These failures, however, were anything but. What no one expected was that even though the effort to enact federal anti-lynching laws did not succeed, the broad national debate it had inspired achieved nearly spectacular results in undermining the lynching phenomenon. By the 1930s lynching was no longer celebrated in the public view, but widely condemned as barbarous and unjust by nearly every responsible segment of society. Even in the South, the views of such Caucasian organizations as the Association of Southern Women for the Prevention of Lynching had come to hold sway.

Over the course of the succeeding decade, from 1922 to 1932, lynching deaths -- which had somewhat steadily declined in frequency after 1904 anyway -- dropped dramatically, from fifty-nine black lynchings in 1922 to only six in 1932. The trend continued during the 1930s; only ninety-three black lynchings were recorded during the entire decade.

The nature of lynchings changed dramatically during this period -- driven, almost certainly, by the stigma that had become attached to mob justice, and the clear withdrawal of public sanction for such murders. The mass spectacle lynchings, which had seemingly reached their apex in the bloody "Red Summer" of 1919, virtually disappeared over the course of the 1920s. By the 1930s, lynchings had largely reverted back to the form in which they first manifested themselves during the early Reconstruction period: furtive affairs involving midnight riders, arsonists and shooters, usually involving only a handful of perpetrators. By 1952, when there were no black lynchings recorded at Tuskegee (though it must be noted that, even then, this did not necessarily none had occurred), the era of the lynch mob seemed to have become a thing of the past.
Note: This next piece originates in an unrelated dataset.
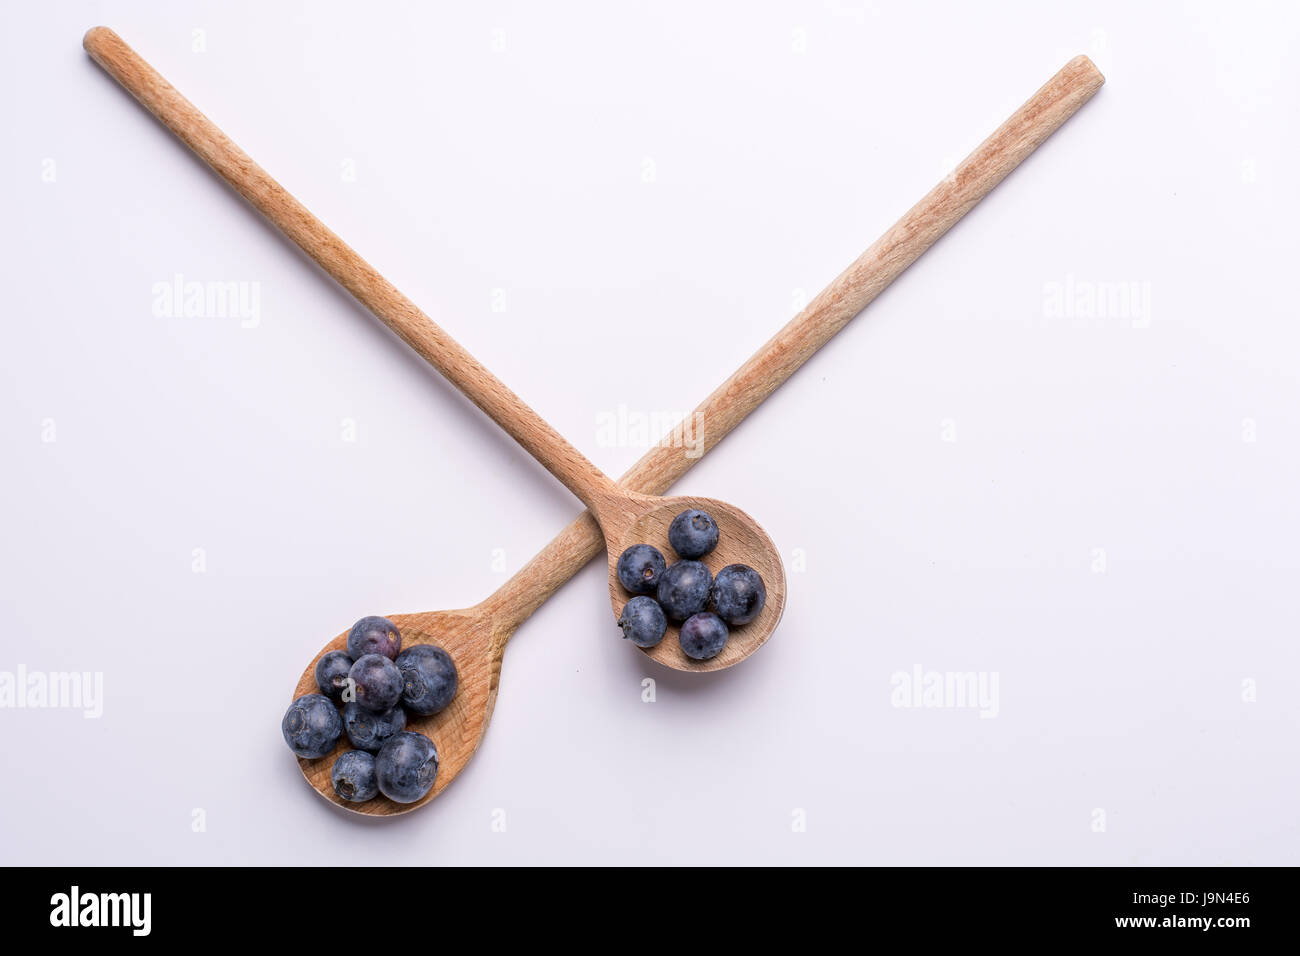 Blueberries on wooden spoon on white background Stock Photo

This watershed change in the American cultural landscape occurred with virtually no official or legal support from Washington, D.C. Congress, of course, never enacted an anti-lynching law. And the Supreme Court, for most of the lynching era, had declined to involve itself in lynching cases, preferring to leave them to the jurisdiction of state courts. A handful of decisions, however, gradually turned the tide in the courts, and simultaneously left a permanent impression on the larger body of criminal law: Moore v. Dempsey in 1923, which overruled the death sentences of six black men convicted (in a lynch-mob atmosphere) of insurrection following a rural Arkansas "race riot," for the first time stipulated that in light of the requirements of the Fourteenth Amendment, any denial of due process was the concern of the federal government; Powell v. Alabama in 1932, which overturned the verdict in the infamous case of the "Scottsboro Boys," nine itinerant black workers who were convicted on flimsy evidence of raping two white women, and which further stipulated that the right to an attorney was an indispensable part of due process; Norris v. Alabama in 1935, which overturned the third conviction delivered against the Scottsboro boys, on grounds that the exclusion of blacks from the jury violated the equal-protection clause of the Fourteenth Amendment; and finally Brown v. Mississippi in 1936, which found that a Southern sheriff’s extraction of a murder confession from a black suspect by torturing him was likewise a violation of a defendant’s constitutional rights. However, most of these rulings came well after the lynching era had begun its decline, and only Moore v. Dempsey -- delivered at a crucial juncture in the national debate -- could be said to have had any appreciable role in the sea change of public attitudes about mob justice.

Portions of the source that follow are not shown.